Dancing Mandelbrot Set On A FPGA

This FPGA based build creates an interesting display which reacts to music. [Wancheng’s] Dancing Mandelbrot Set uses an FPGA and some math to generate a controllable fractal display.

The build produces a Mandelbrot Set with colours that are modified by an audio input. The Terasic DE2-115 development board, which hosts a Cyclone IV FPGA, provides all the IO and processing. On the input side, UART or an IR remote can be used to zoom in and out on the display. An audio input maps to the color control, and a VGA output allows for the result to be displayed in real time.

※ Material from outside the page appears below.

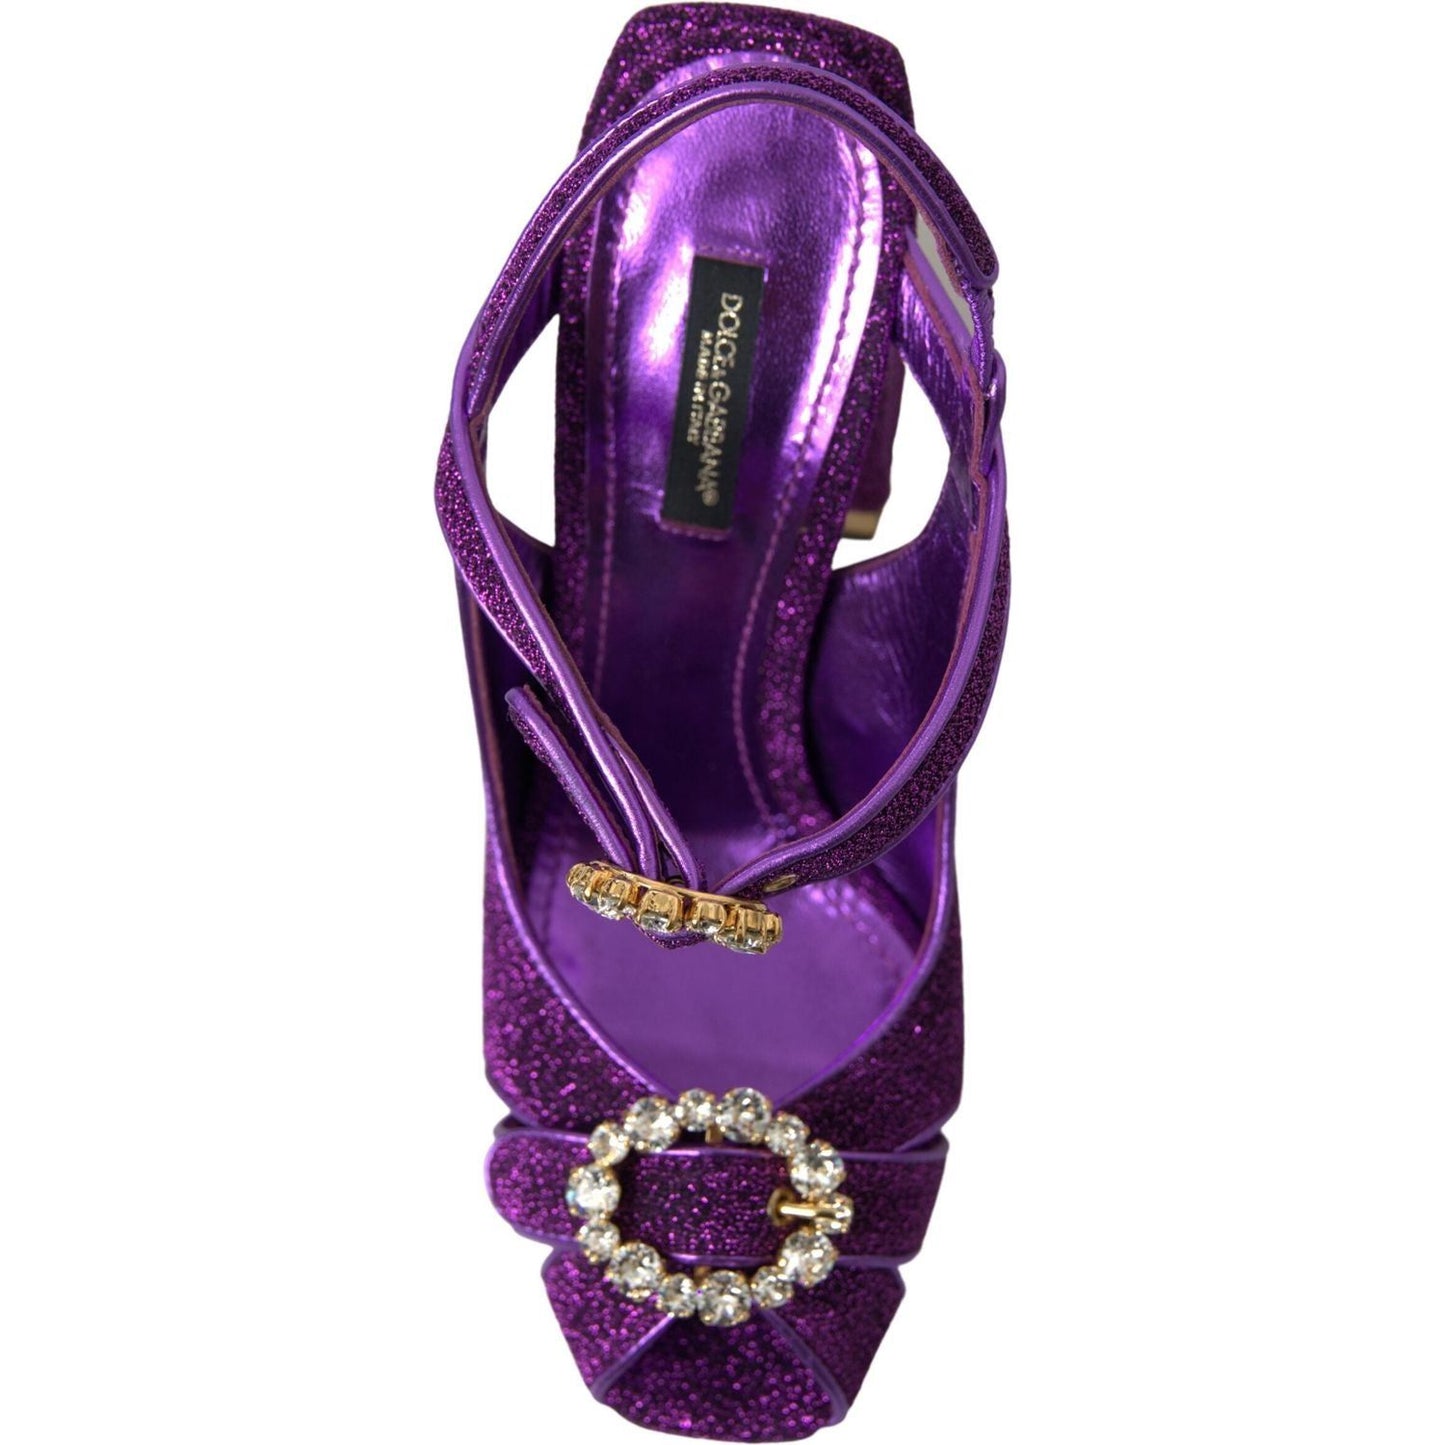 Dolce & Gabbana Elegant Purple Ankle Strap Heels purple-ankle-strap-sandals-crystal-shoes 465A0097-scaled-120491fb-5f3_af8c3b84-813a-40fb-aed6-af599ffe5b22.jpg

Dancing Mandelbrot Block DiagramOn the FPGA, a custom calculation engine, running at up to 150 MHz, does the math to generate the fractal. A Fast Fourier transform decomposes the audio input into frequencies, which are used to control the colors of the output image.

This build is best explained by watching, so check out the video after the break.

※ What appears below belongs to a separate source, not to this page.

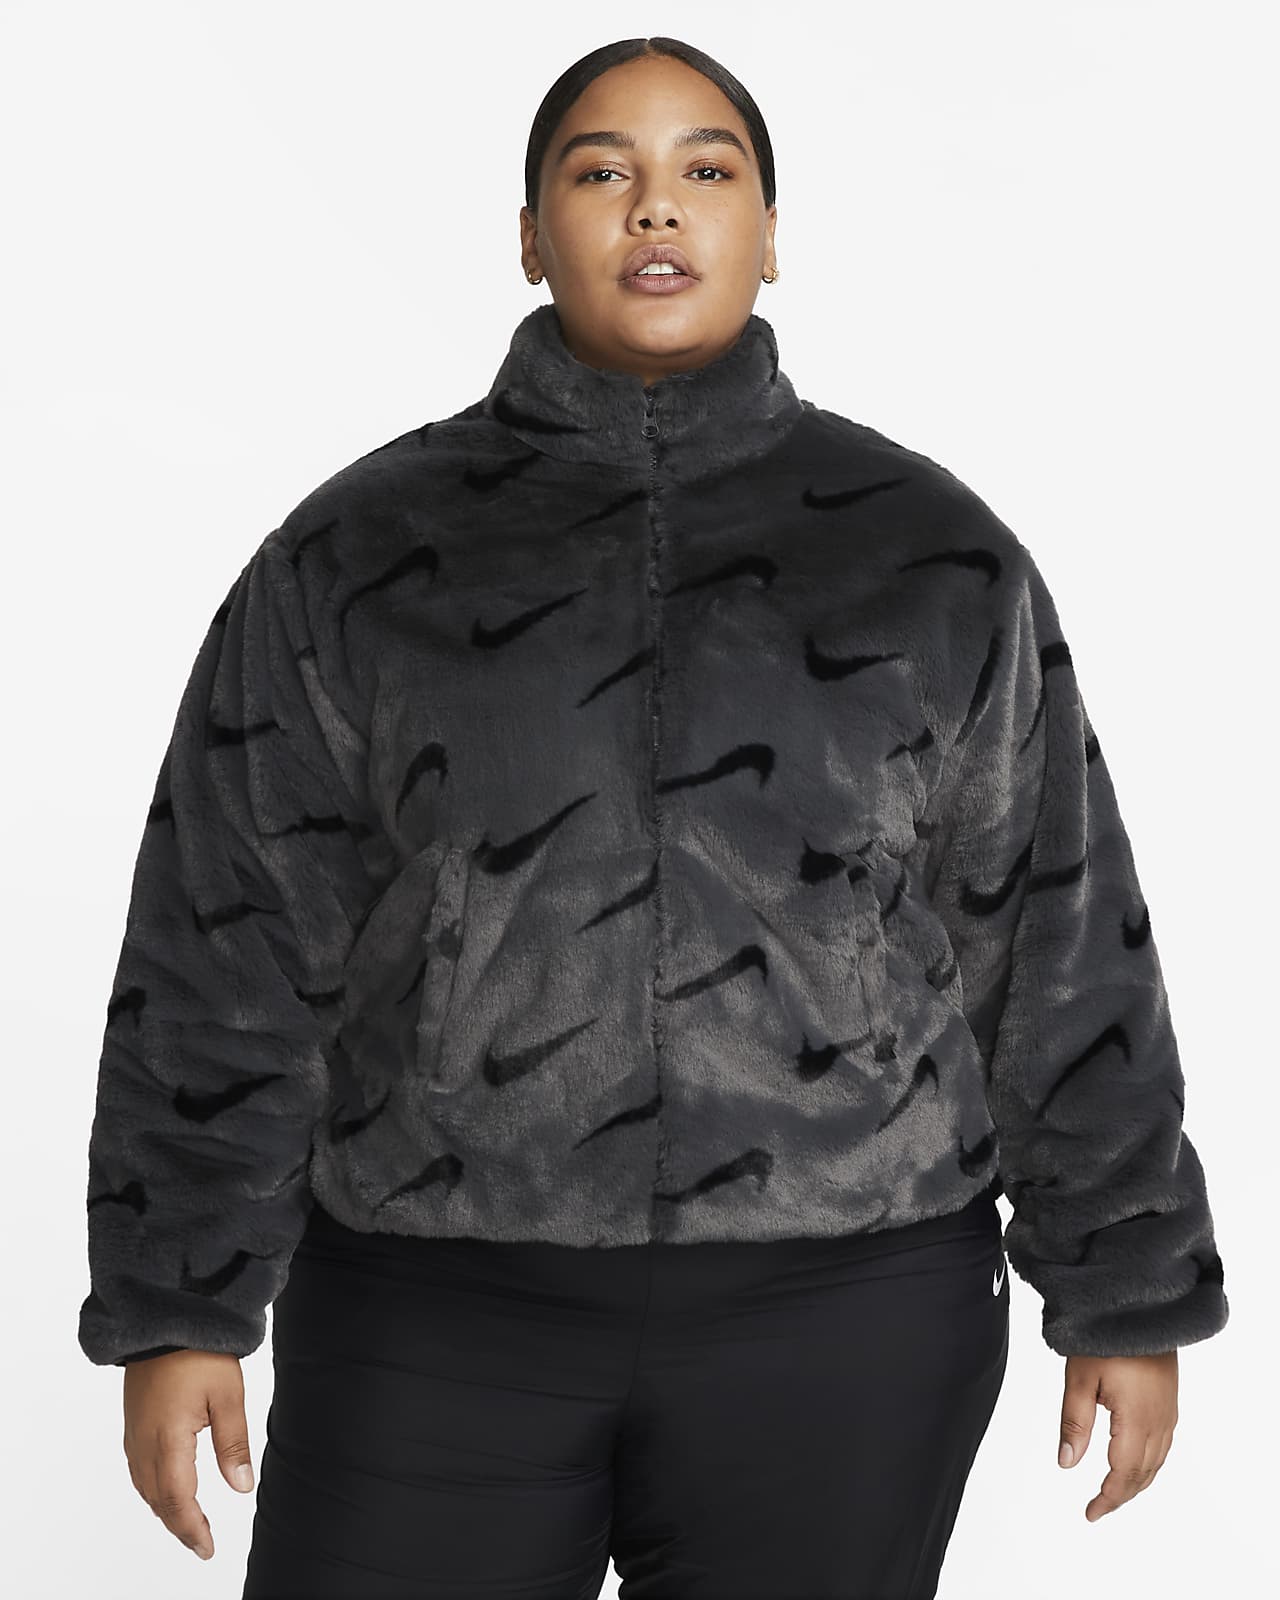 Lydighed kompliceret Forinden Nike Sportswear Women's Printed Faux Fur Jacket (Plus Size). Nike.com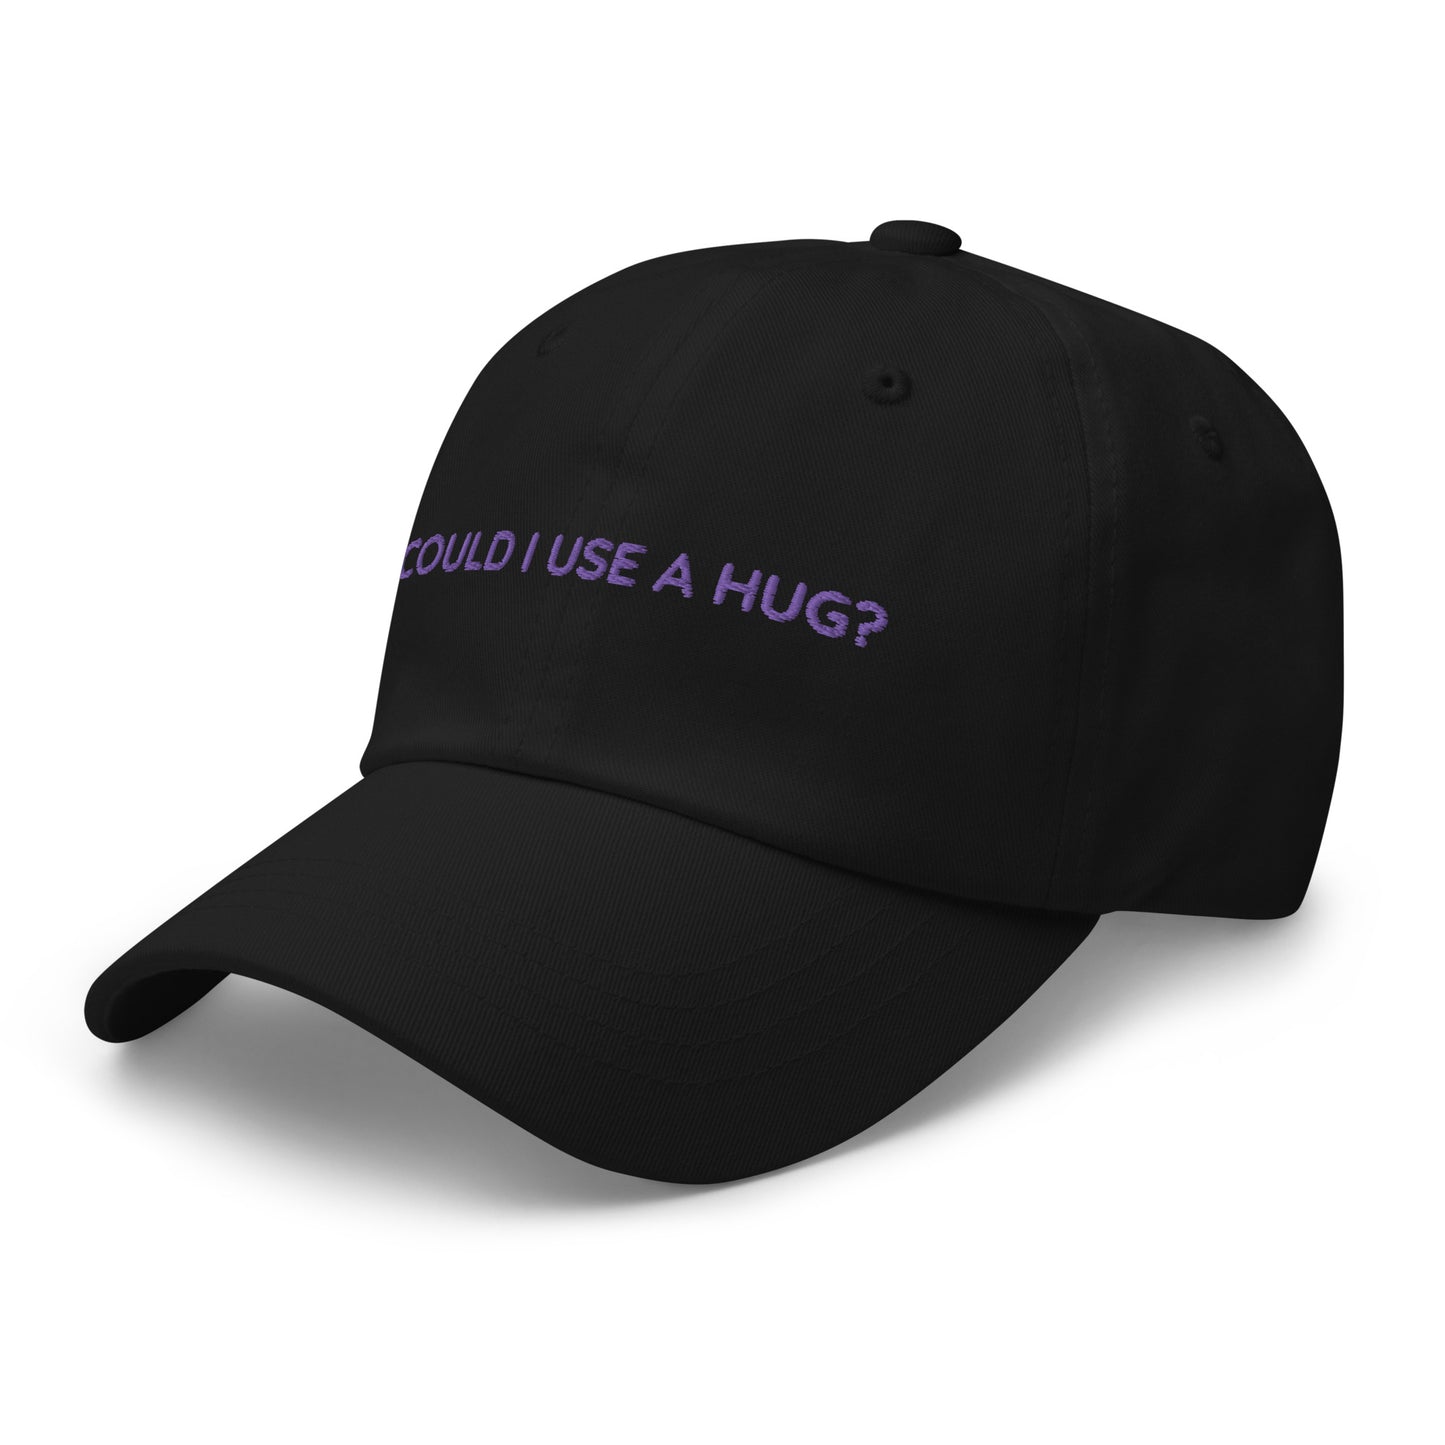 Embroidered Baseball Cap ‘COULD I USE A HUG?’

23 thoughts on “Dancing Mandelbrot Set On A FPGA

  1. Wouldn’t ‘dancing’ involve.. movement? This is just flashing fill areas of the same set to the music, I honestly expected it to morph because of the sound input. This is simply sound-reactive otherwise.

    1. Dear Nova,

      Thanks for your suggestions. The fact is that with 1024×768 resolution, it would be very difficult to realize real-time ZOOM or PAN due to the limitation of hardware multipliers and the single-port SRAM. With dual-port RAM composed of M9K blocks and more multipliers, it maybe possible to implement real-time ZOOM or PAN based on FFT audio analysis. In this project, “dance” just mean color. :(

      I will definitely try realtime ZOOM or PAN with advanced FPGAs.

        1. Yeah, that’s what my initial idea. However, I still want to explore the calculation power of FPGA, so both the iteration limit and resolution are raised. Furthermore, I also want the mandelbrot to be more “colorful”. I guess I cannot own all of them with limited hardware. :(
          Anyway, I will need to re-design the whole stuff – either beautiful color with higher resolution or real-time ZOOM/PAN with lower resolution (iteration).

    2. Yeah, it is just old-school LUT manipulation like back in the demo scene days. I wonder if the FPGA has enough computational power to animate the actual parameter space for a julia set to that the geometry of the data is “dancing” in relation to the FFT of the audio?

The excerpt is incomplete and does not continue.